Hot take to start the 2026 calendar year: Microservices were a psyop created to manufacture work and "fix" poor coding decisions. In most cases, a modular monolith makes more sense.

Are microservices a valid concept? Yes! Are there benefits when compared to a traditional monolith at scale? Without a doubt! However, the industry has over-indexed on microservices as a means to create separation of concerns, enable better parallelization / ownership and stop bad coding deciions by fragmenting the code. In this post, I'll be talking about when and how a monolith makes sense, and when it doesn't.

TLDR; it all hinges on scale.

Separation of Concerns​

When the often asked question of "Does it make sense to put this here?" is asked, separation of concerns is at the top of the engineering decision tree. For example, the add() function should only be doing addition and the MathService should only be doing math. Does this service concern itself with what I'm trying to do?

With microservices, seperations of concerns is an inherently solved problem. The entire service has a name, hopefully a good one, that clearly explains what it's purpose is. Anything outside of that scope should be in another service. Oh, there is no good home, make another one! (Plz don't)

However, there is nothing stopping us from doing the same within a monolith. It just requires more meticulous code reviews and deeper understanding of the broader code base. Because there are no microservice walls creating the separation, the engineers must do this procedurally, in code.

Parallelization / Ownership​

One of the biggest selling points of microservices is enabling parallel development across teams. The argument goes: "Team A owns the Payments service, Team B owns the Users service, and they can deploy independently without stepping on each other's toes."

Fair point. But let's be real—how often is this the actual bottleneck?

In most organizations (especially startups and mid-sized companies), you don't have 50 engineers fighting over the same codebase. You have 5-15 engineers who can coordinate effectively with good git hygiene and clear module boundaries. The "we need microservices for parallel development" argument often comes from engineers who worked at FAANG and are applying solutions designed for thousands of engineers to teams of twelve.

Within a well-structured monolith, ownership can be established through:

  • Clear module/package boundaries - The payments/ directory is owned by the payments team
  • CODEOWNERS files - Enforce review requirements per directory
  • Feature flags - Deploy code without releasing it, reducing merge conflicts
  • Trunk-based development - Small, frequent merges prevent integration hell

The reality is that most coordination problems stem from poor communication and unclear ownership—problems that microservices don't magically solve.
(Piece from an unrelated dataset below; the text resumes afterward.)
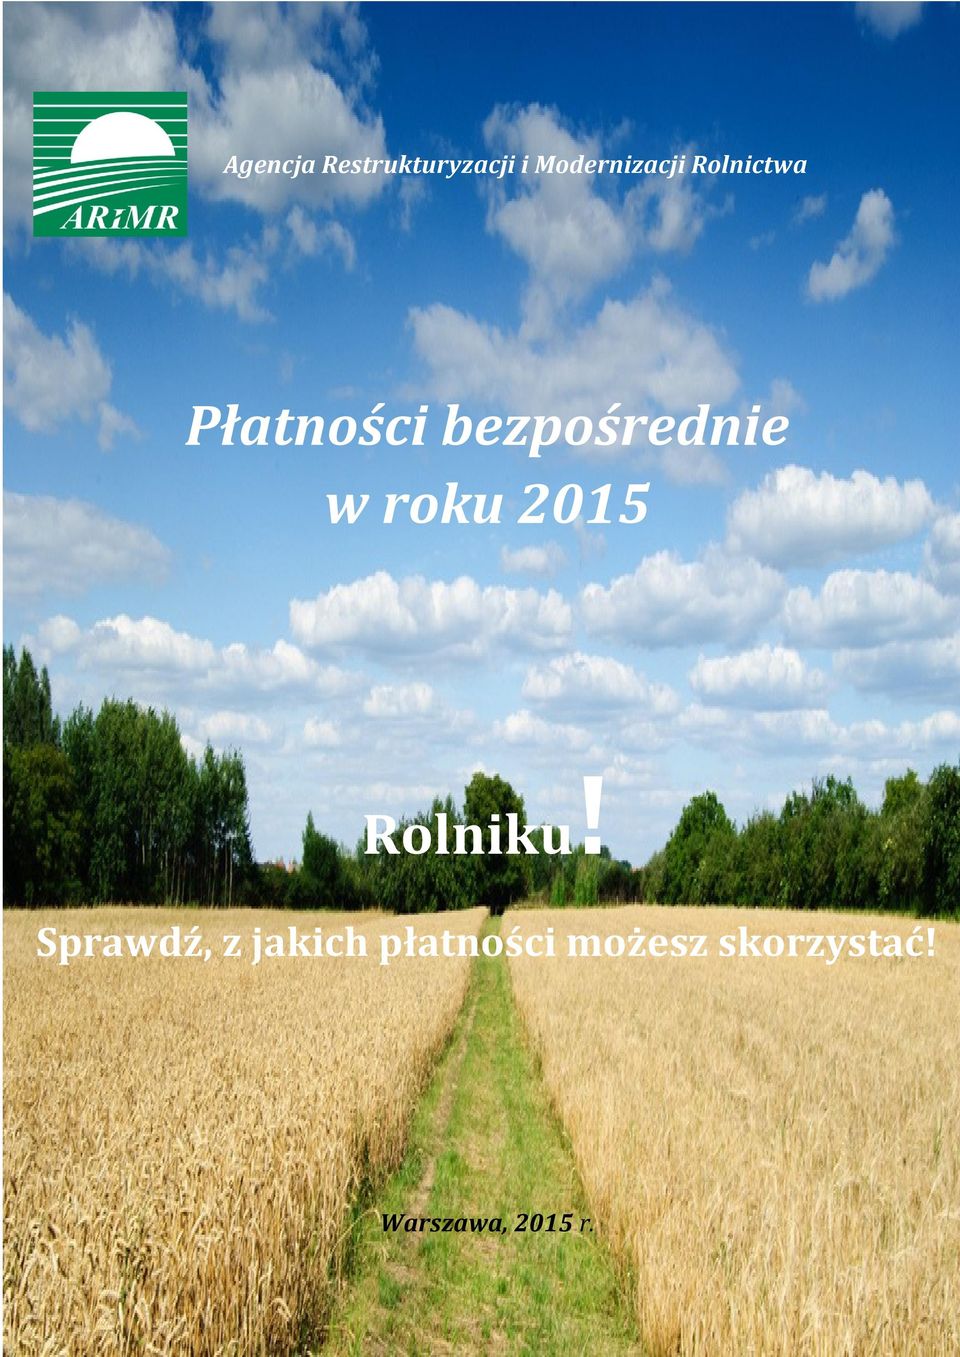 2015 Rolniku!

If your teams can't agree on who owns what in a monolith, they're going to have the same fights about API contracts between services.

Overhead​

When you break down services into tiny pieces, you expand the breadth of services that must be maintained. With that breadth comes the depth of optimizing memory allocation, upgrading packages, tweaking replica sets, setting alerts, and more. If we go one level above the infrastructure, we also create the overhead of ensuring that each microservice doesn't re-implement something that another microservice has—which requires someone who has context and knowledge of the entire fleet.

Let's enumerate the hidden costs:

  1. Infrastructure complexity - Each service needs its own CI/CD pipeline, monitoring, logging, and alerting. Multiply that by 20 services and you've got a full-time job just keeping the lights on.
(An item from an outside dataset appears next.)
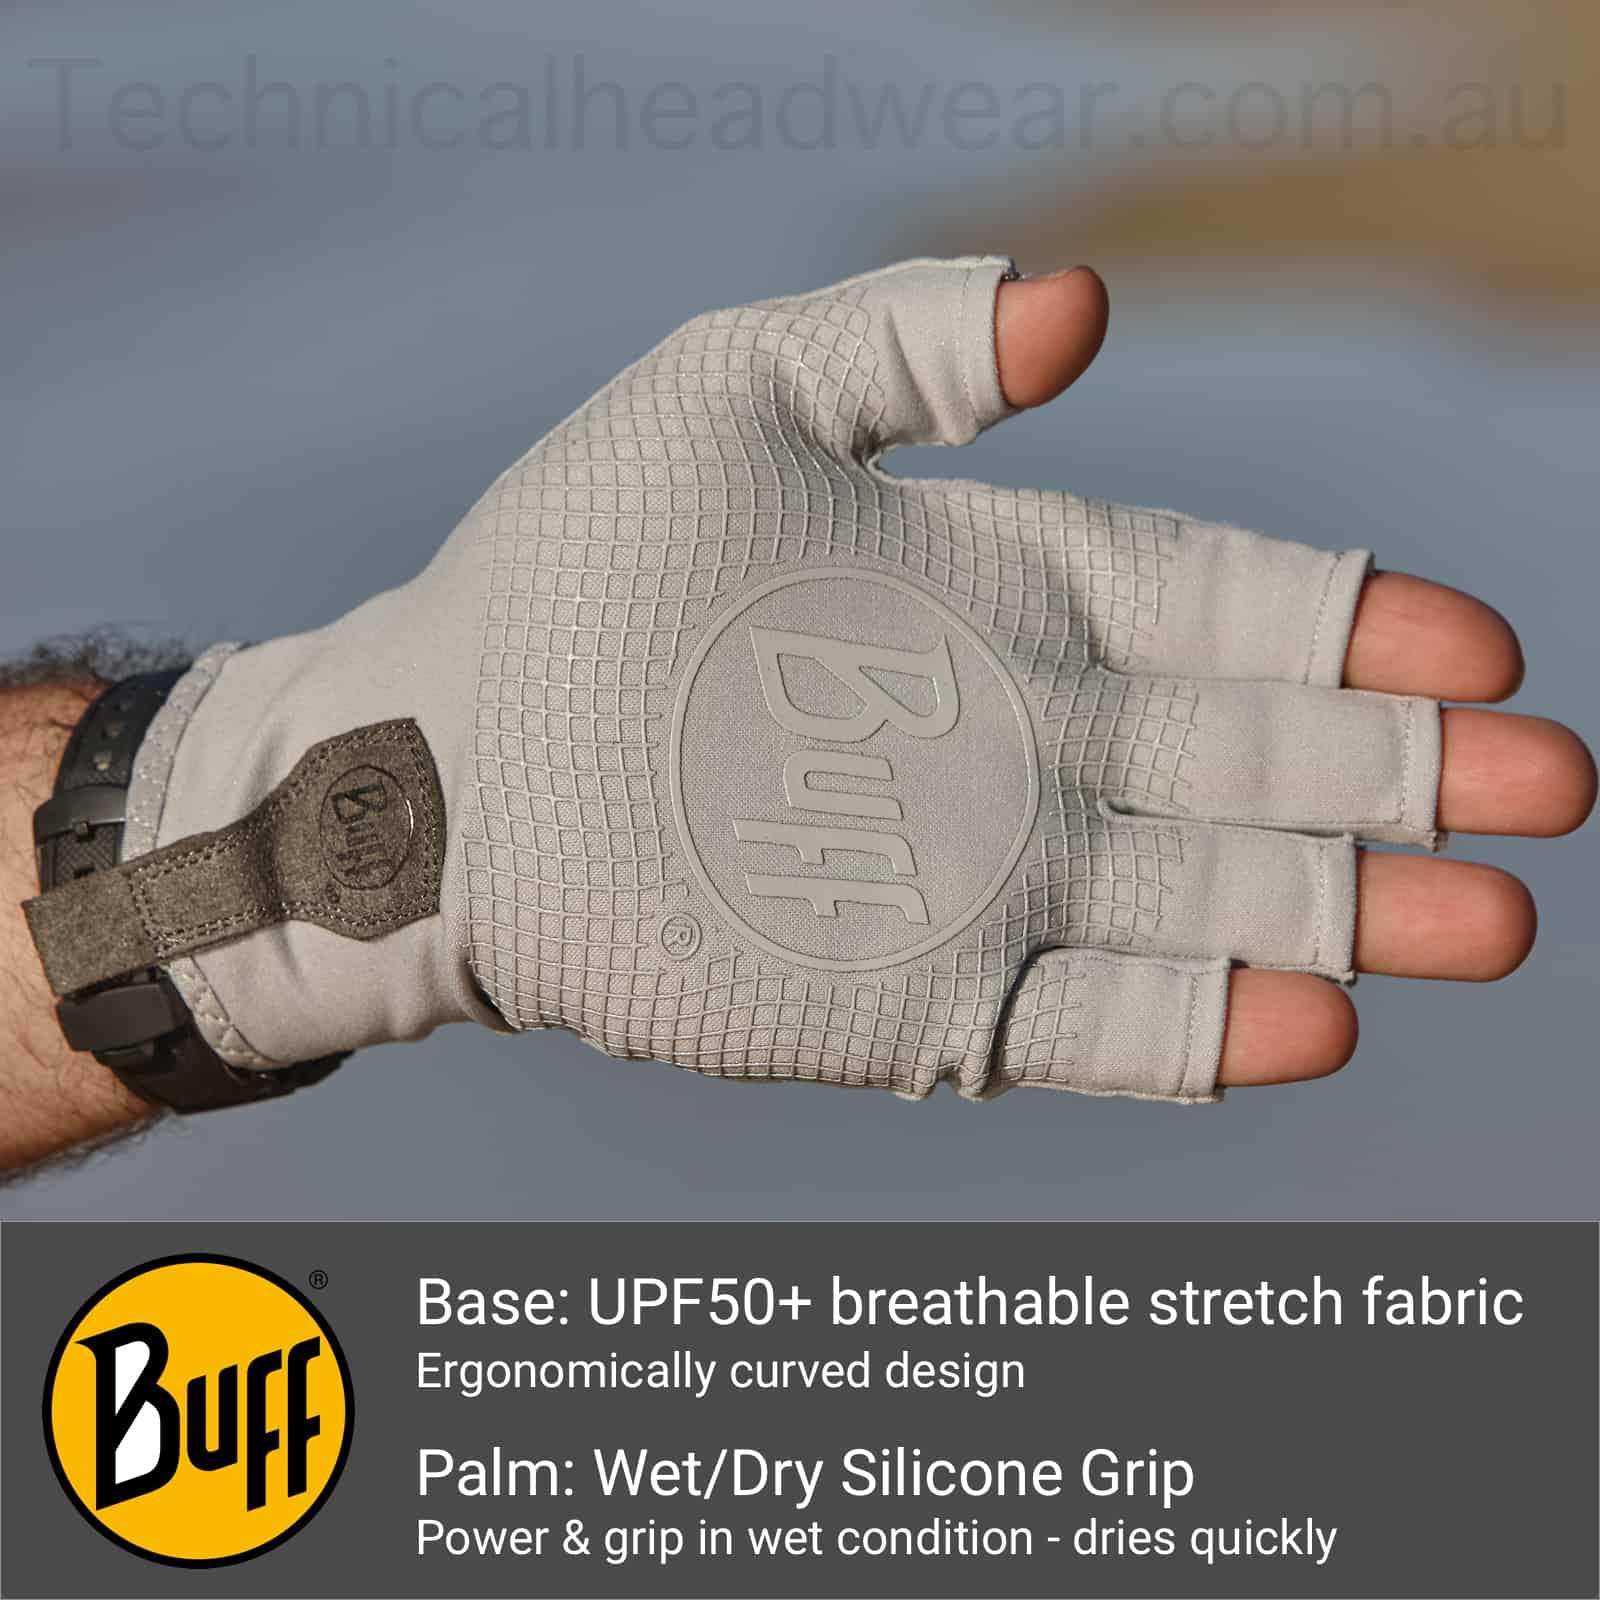 Buff Gloves Size Chart

  2. Network latency - What was a function call is now an HTTP request. What was microseconds is now milliseconds. Death by a thousand round trips is real.

  3. Distributed debugging - Good luck tracing a bug across 7 services with different log formats, time zones, and retention policies. Yes, distributed tracing helps, but it's yet another thing to set up and maintain.

  4. Data consistency - Transactions that span multiple services require sagas, eventual consistency patterns, and a PhD in distributed systems to get right.

  5. Dependency management - Service A depends on Service B which depends on Service C. One breaking change and you're playing dependency whack-a-mole across your entire fleet.

  6. Cognitive load - Engineers need to understand not just their service, but how it interacts with a constellation of other services. The mental model required to debug issues grows exponentially.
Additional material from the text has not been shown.